Brigitte Amiri of the American Civil Liberties Union, a lawyer for both girls currently seeking abortions, welcomed Chutkan's latest ruling.

"The judge’s decision is a reminder that both the law and justice are on our side. We’ve already seen the courts rule in favor of Jane Doe, and today justice prevailed for two more young women like her,” Amiri said. “Unfortunately, the Trump administration has shown no indication that they’ll abandon their cruel and dystopian crusade to block abortion access for some of the most marginalized people in our country. We’re prepared to keep fighting for as long as we need to.”

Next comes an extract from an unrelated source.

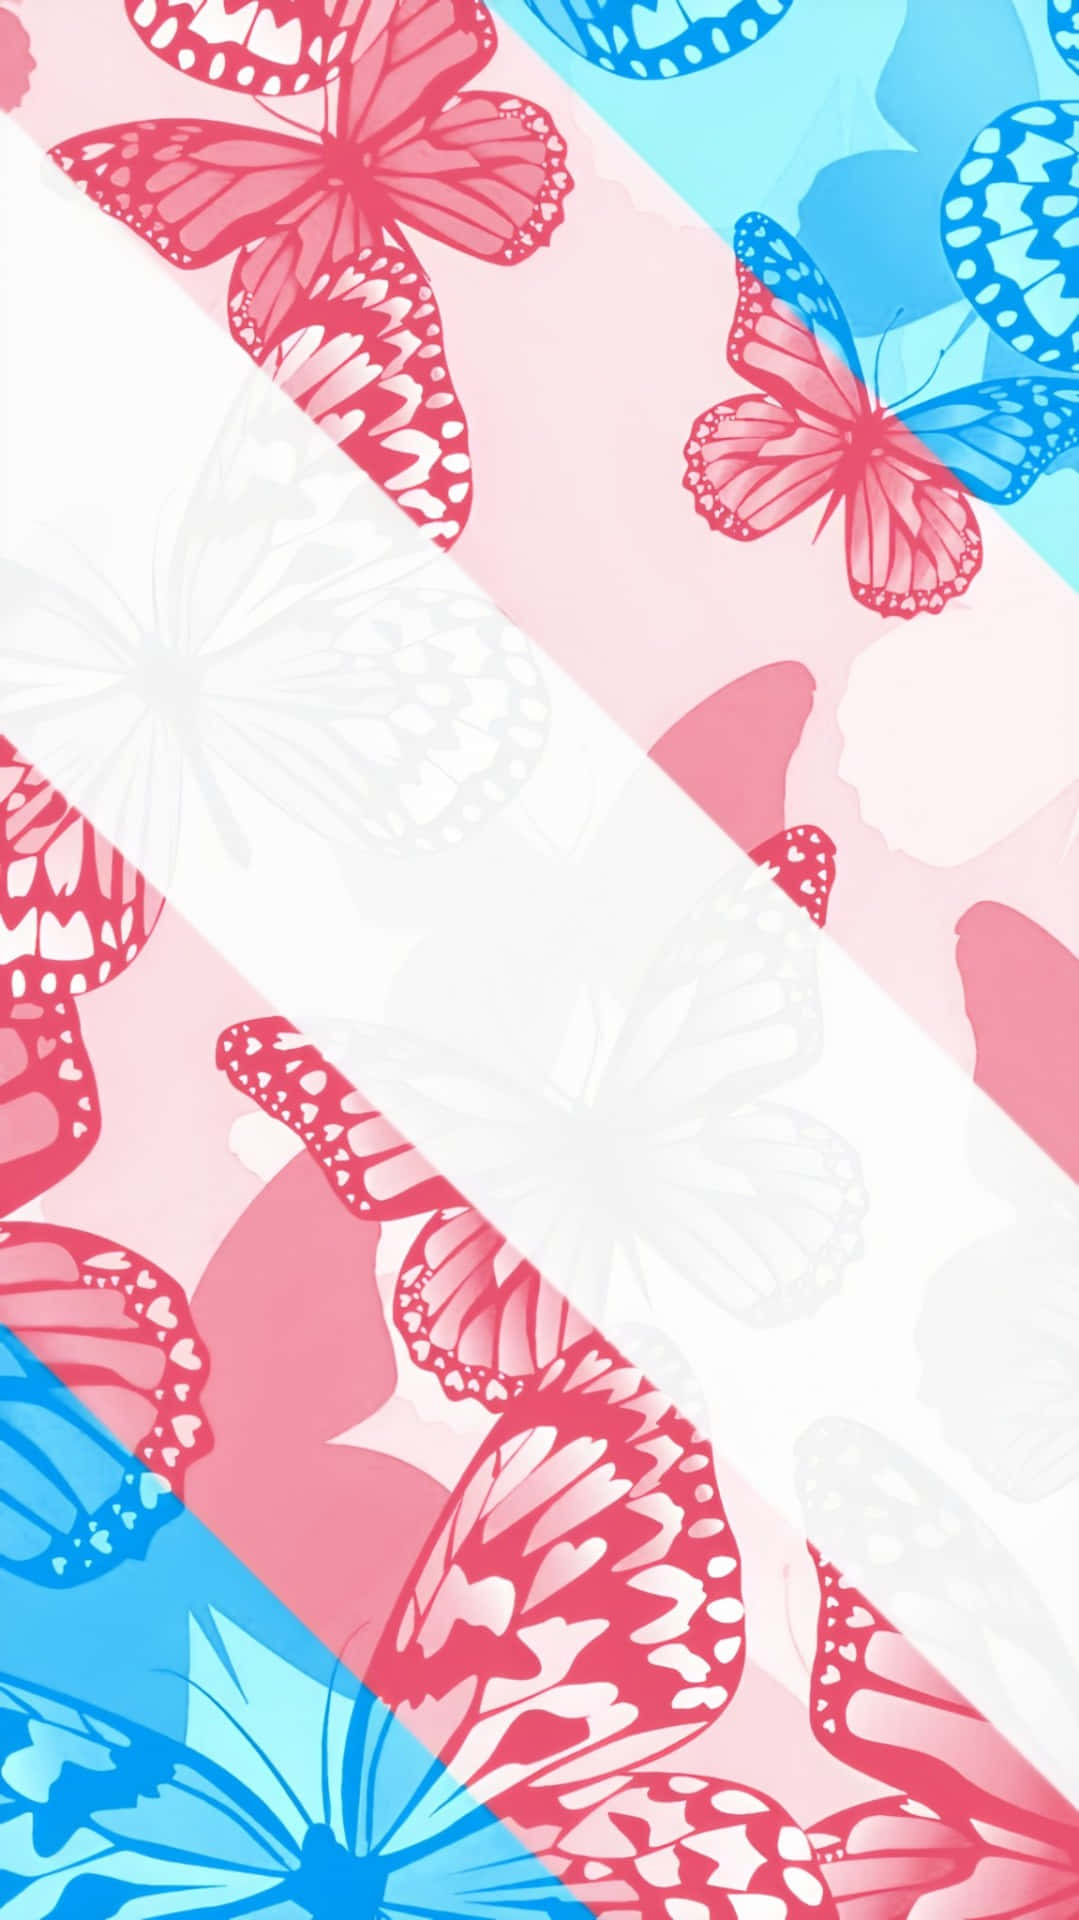 Einrosa Und Blau Gemustertes Schmetterlingsmuster Auf Einem Blauen Hintergrund Wallpaper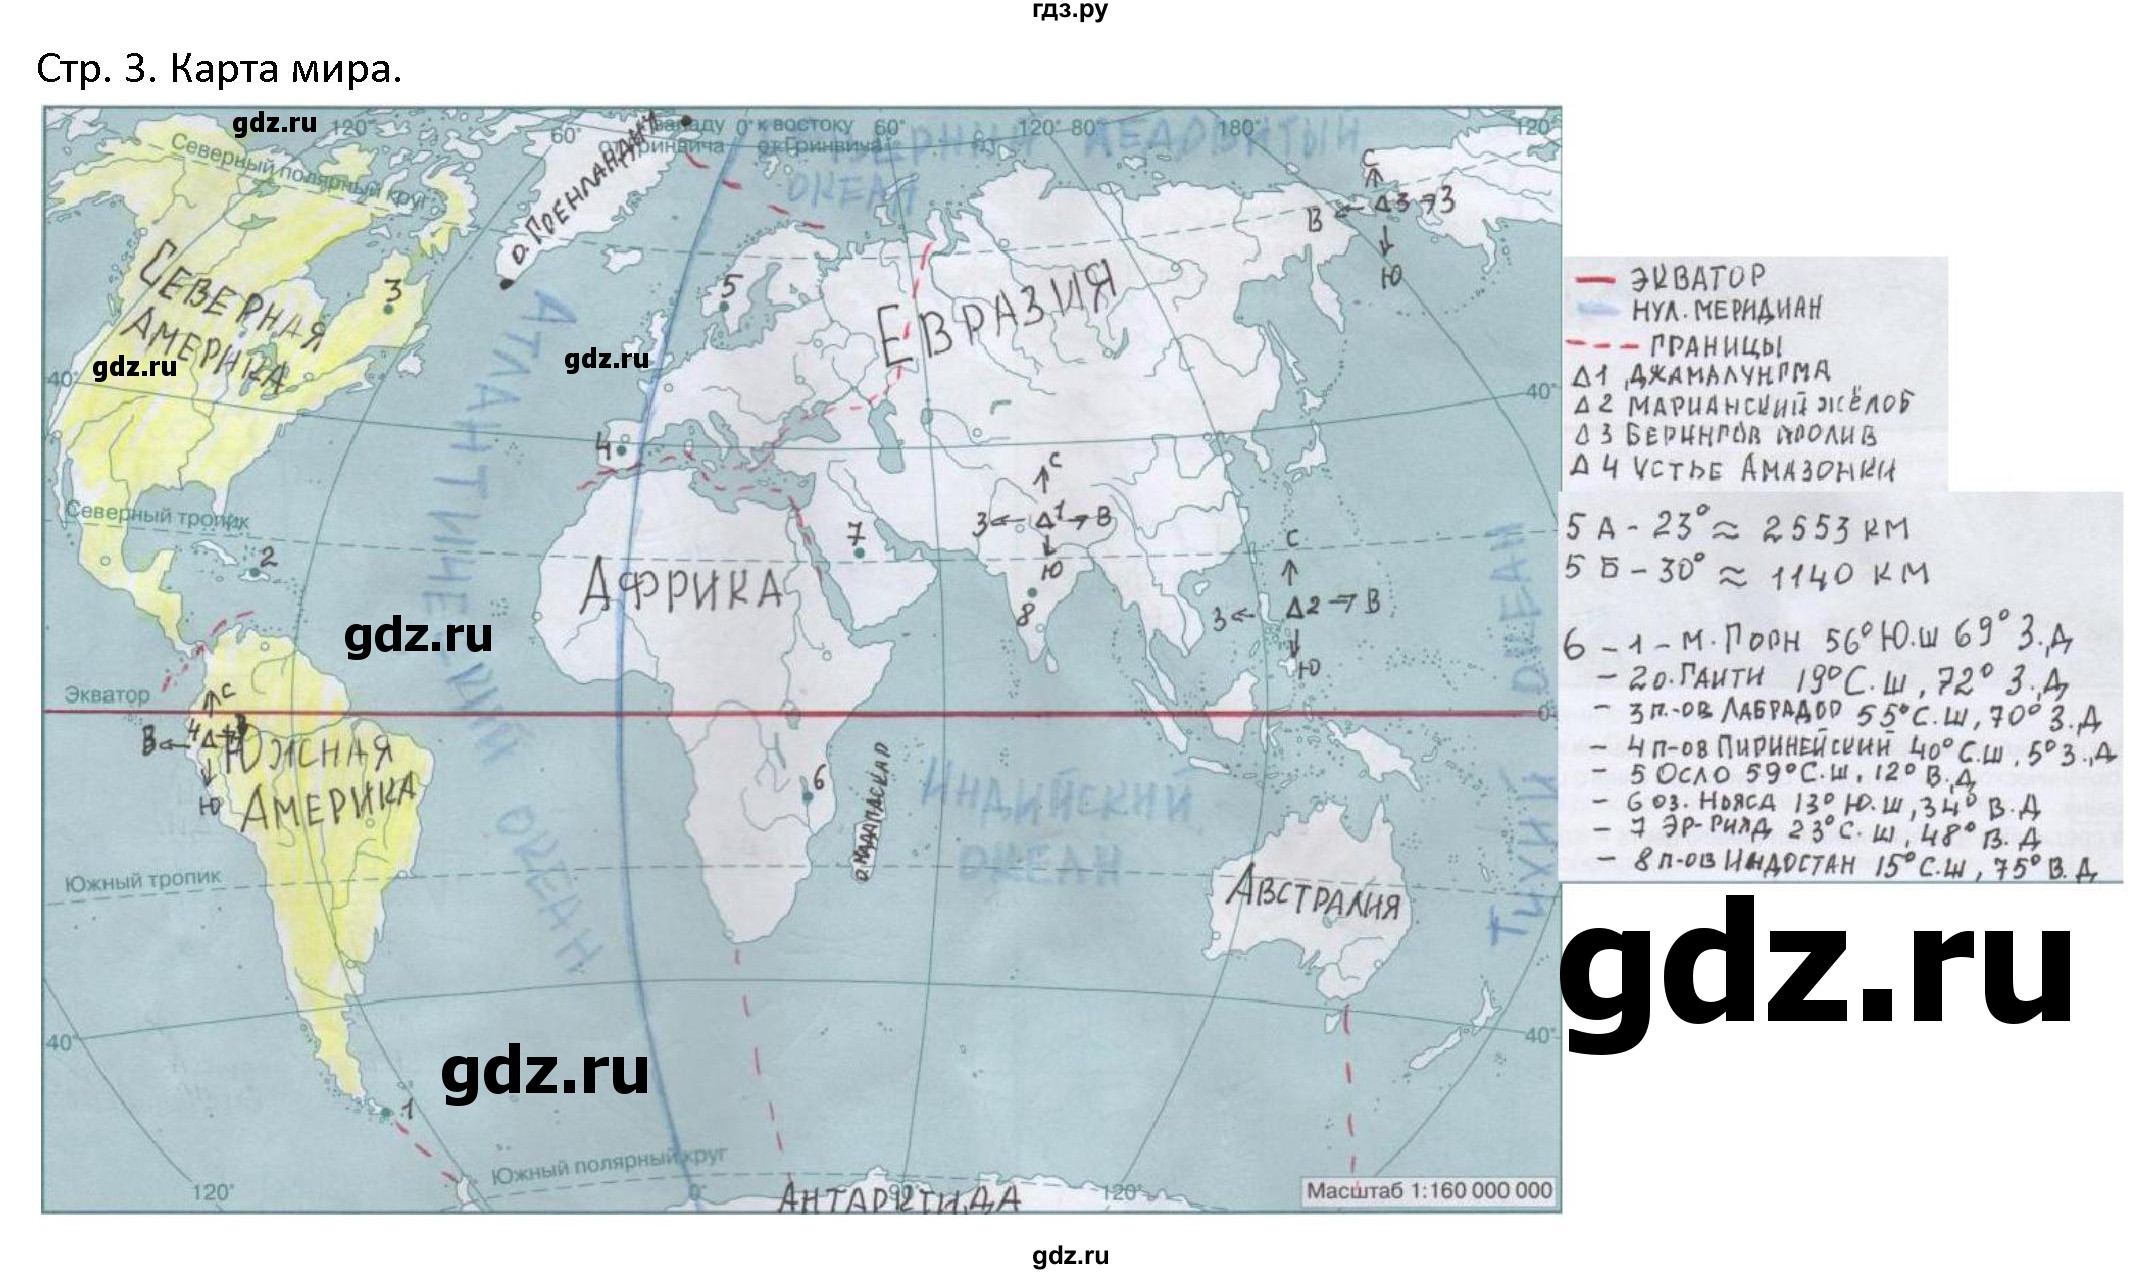 Гдз по фото по географии контурные карты 7 класс

Less than an hour after Chutkan issued her restraining order, government attorneys appealed the ruling to the D.C. Circuit Court. The Justice Department then filed for the emergency stay, which is still in affected as three D.C. Circuit judges review legal filings from both sides of the case.

Like the original Jane Doe, the two undocumented minors in the latest dispute arrived in the U.S. without their parents and will have private funding to obtain the abortions they requested, according to the ACLU.